§ Task directions:
Return each line of the listing below, unchanged, and omit the images.

§ Dataset extract:
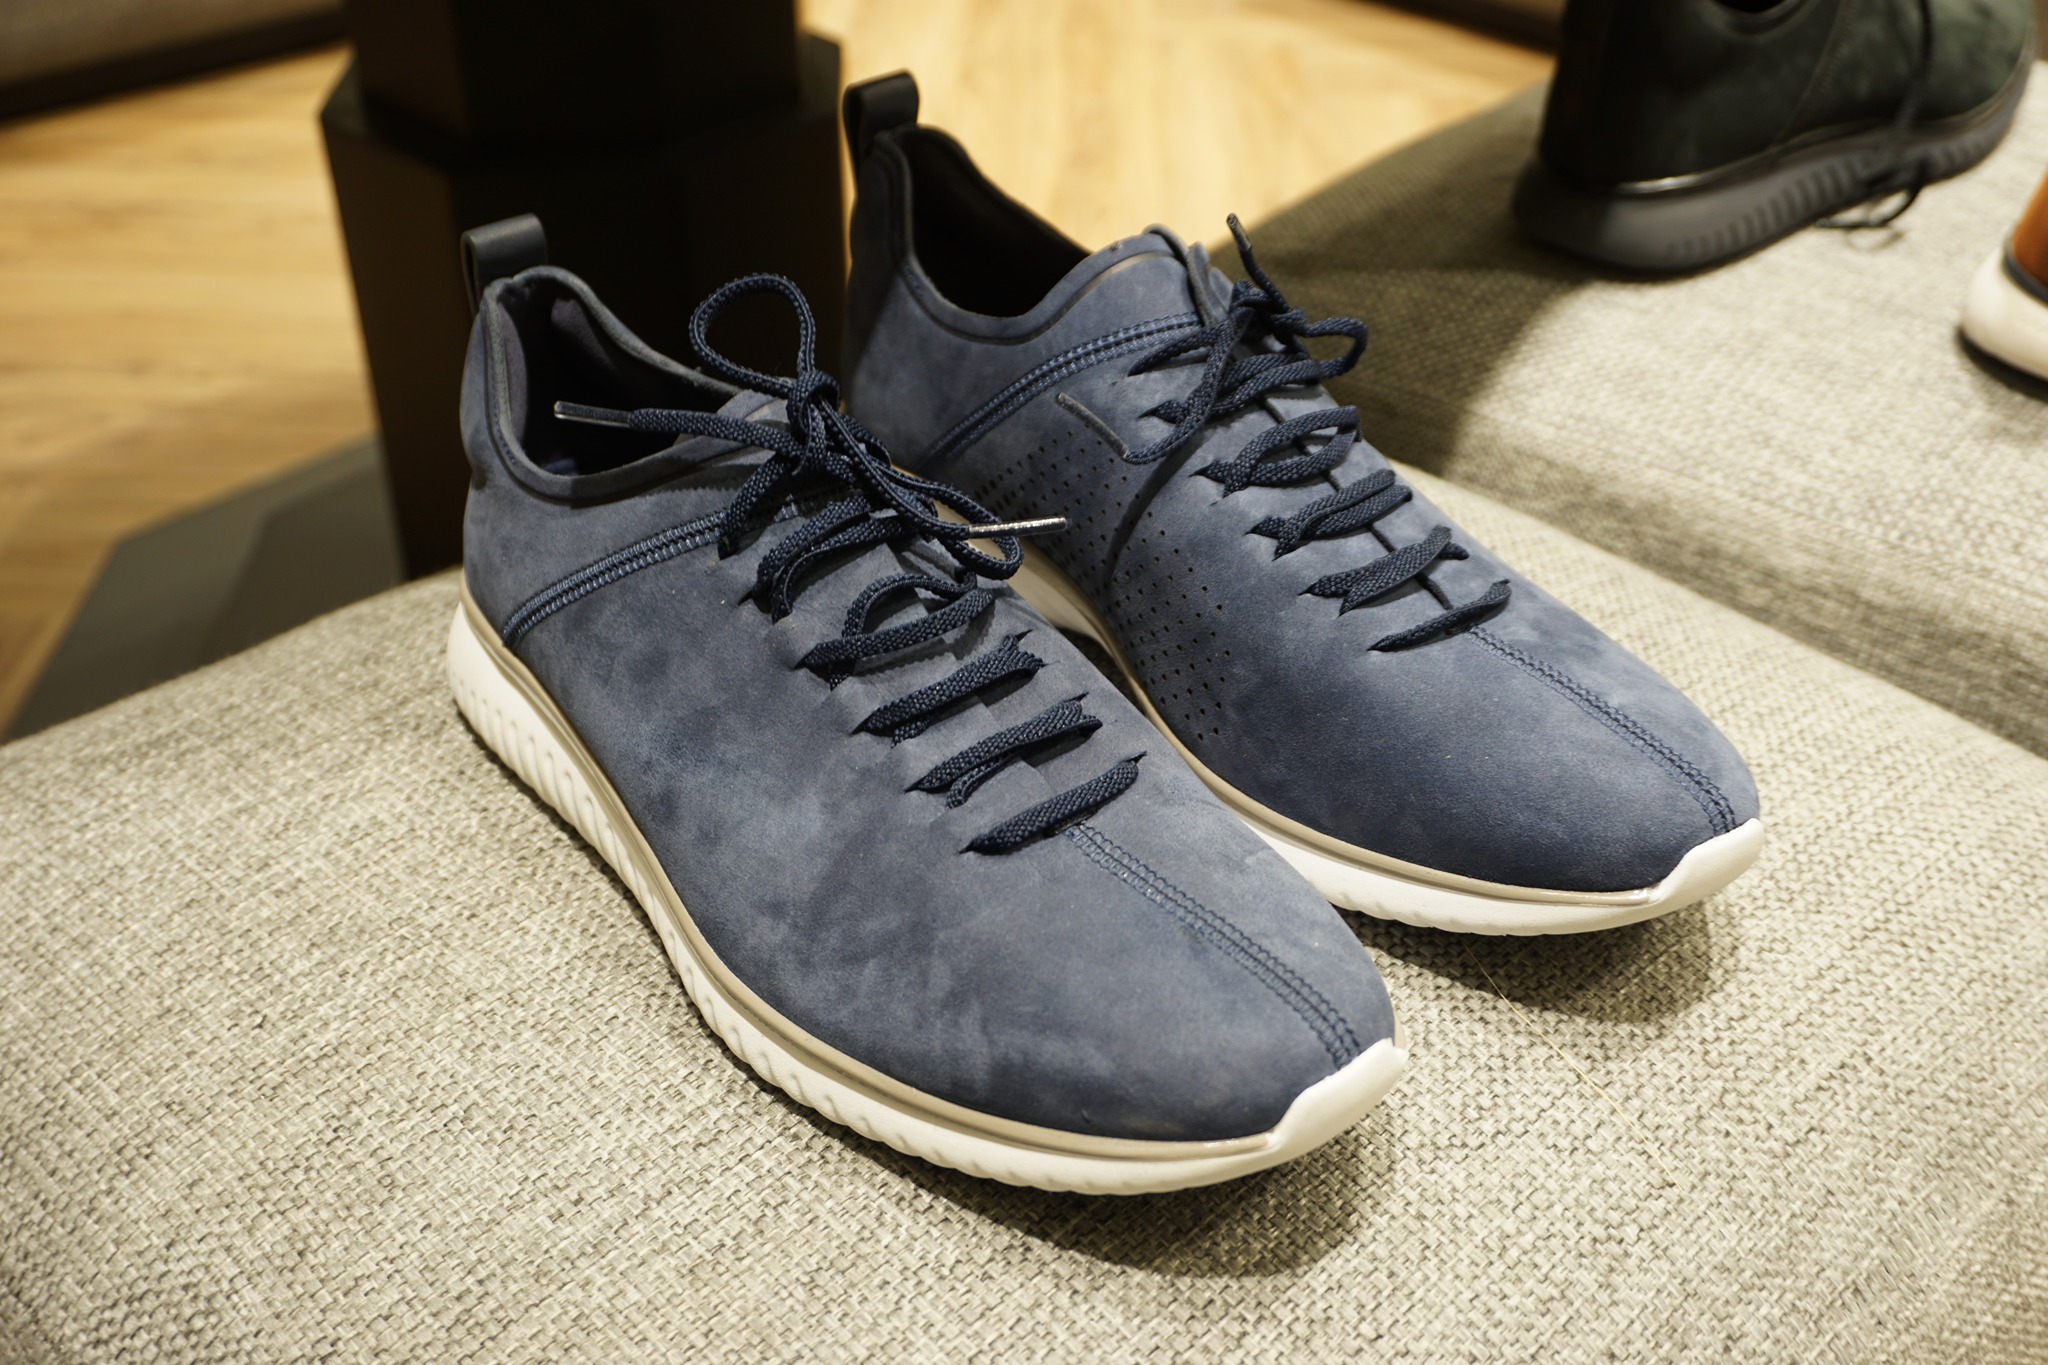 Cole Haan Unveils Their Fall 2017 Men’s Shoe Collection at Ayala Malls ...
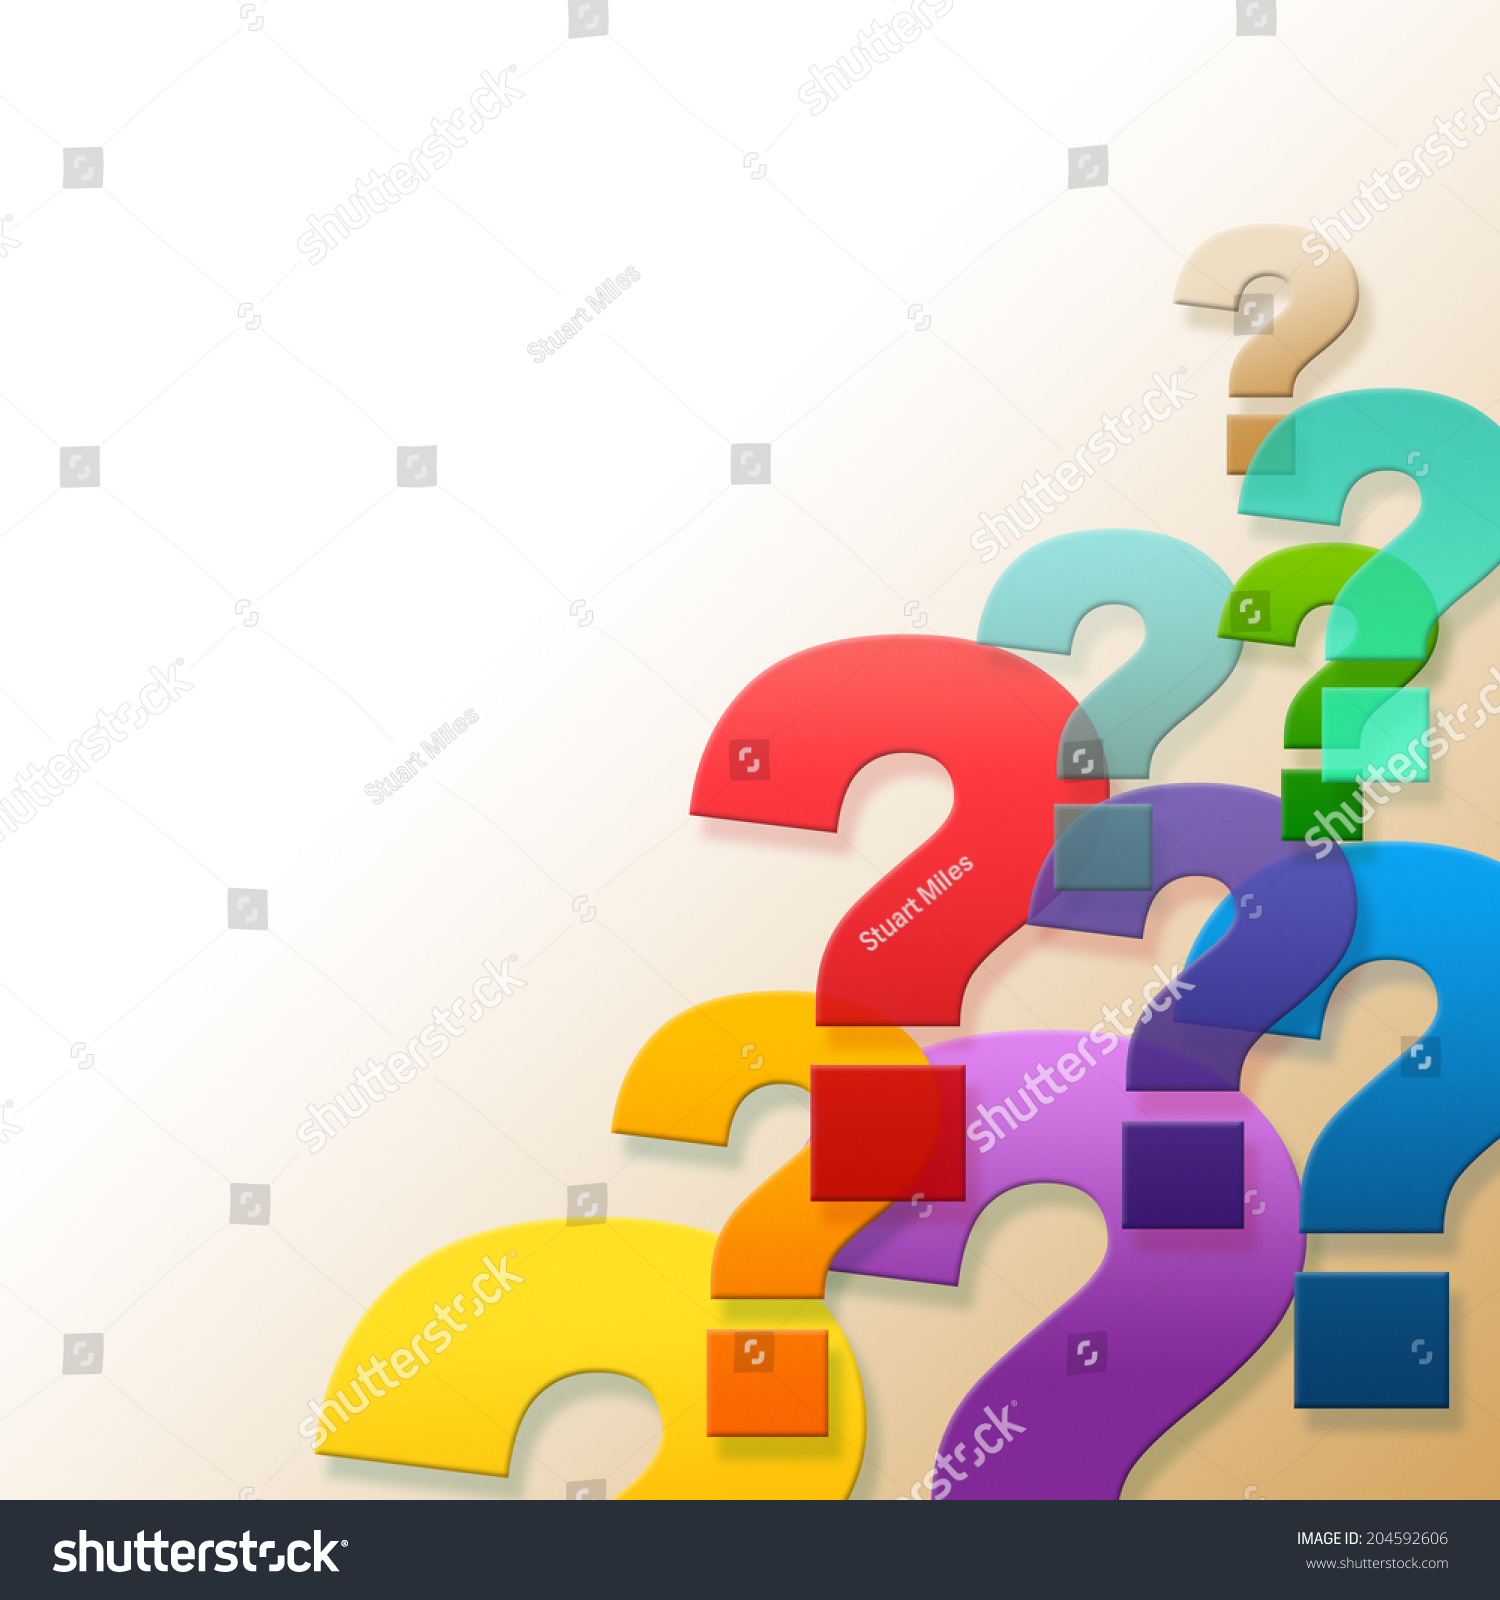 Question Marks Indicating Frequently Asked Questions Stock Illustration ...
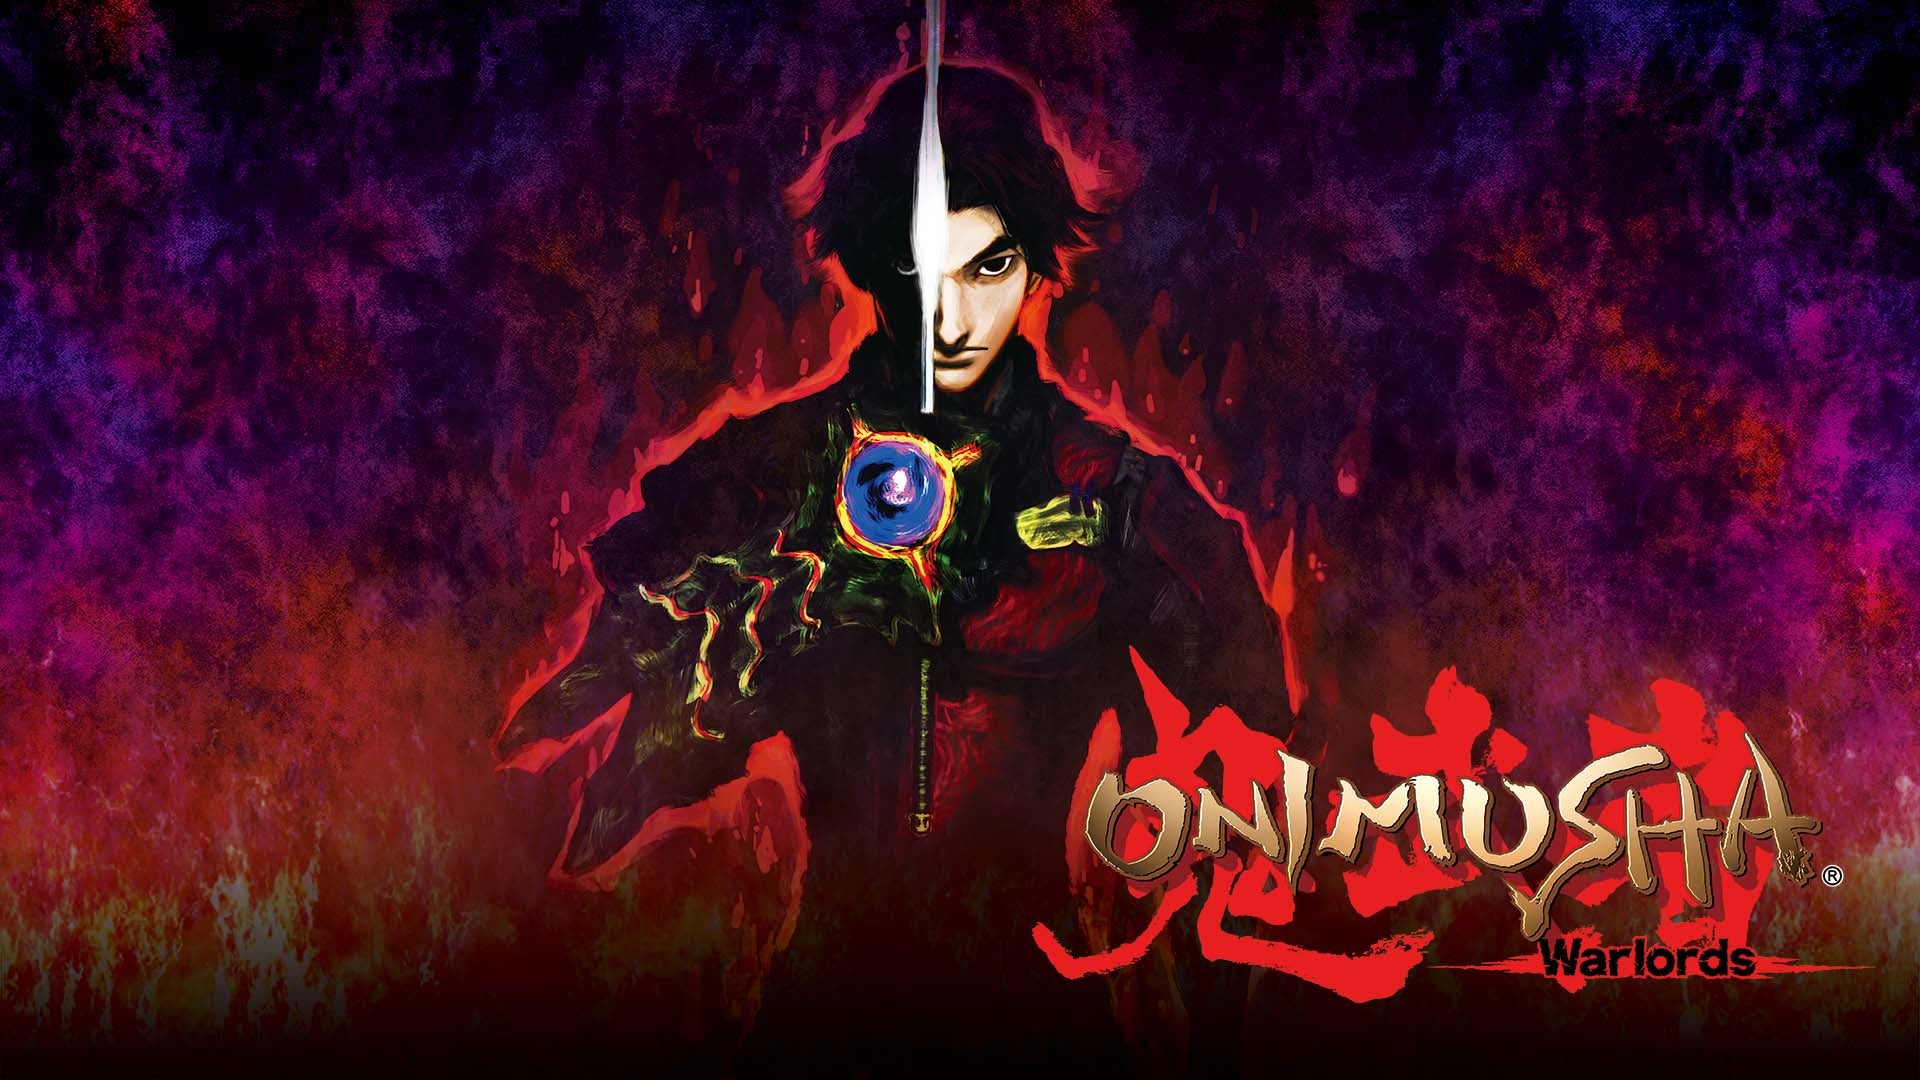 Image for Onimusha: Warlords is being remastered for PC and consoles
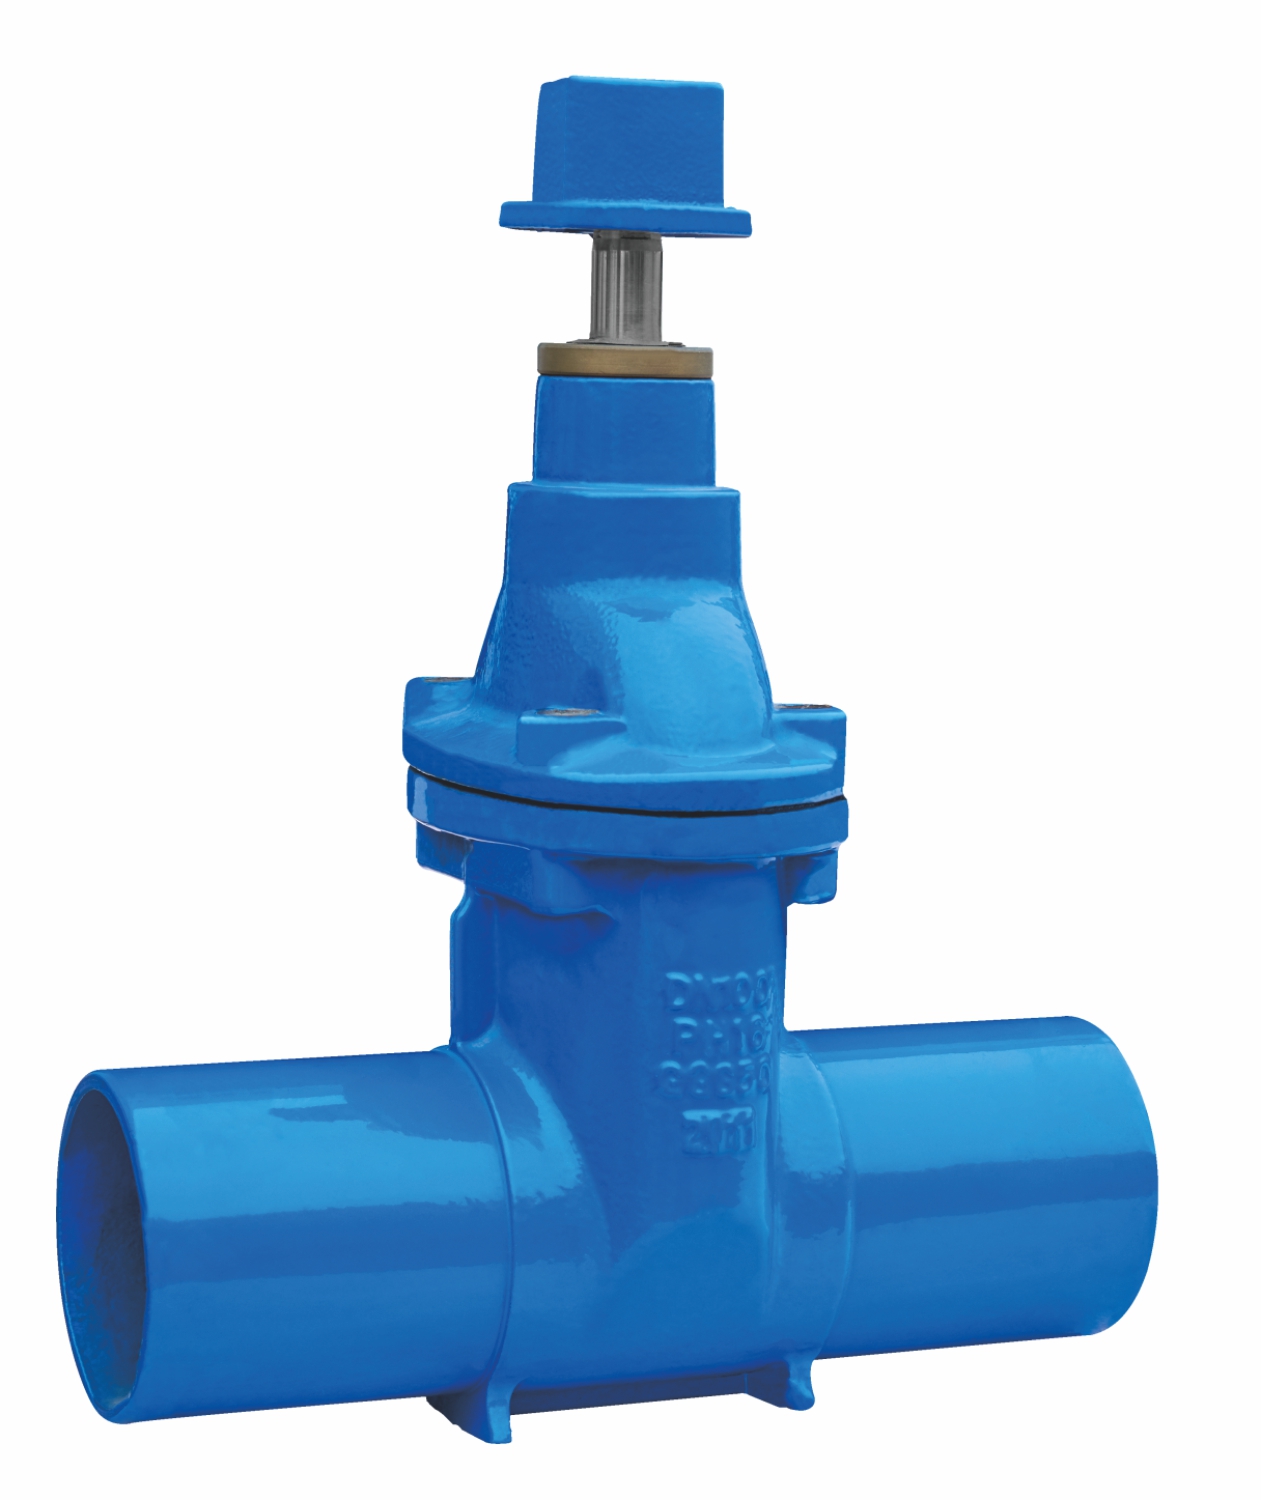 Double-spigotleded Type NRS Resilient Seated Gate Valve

§ Response area:
 Cole Haan Unveils Their Fall 2017 Men’s Shoe Collection at Ayala Malls ...
 Question Marks Indicating Frequently Asked Questions Stock Illustration ...
 Image for Onimusha: Warlords is being remastered for PC and consoles
 Double-spigotleded Type NRS Resilient Seated Gate Valve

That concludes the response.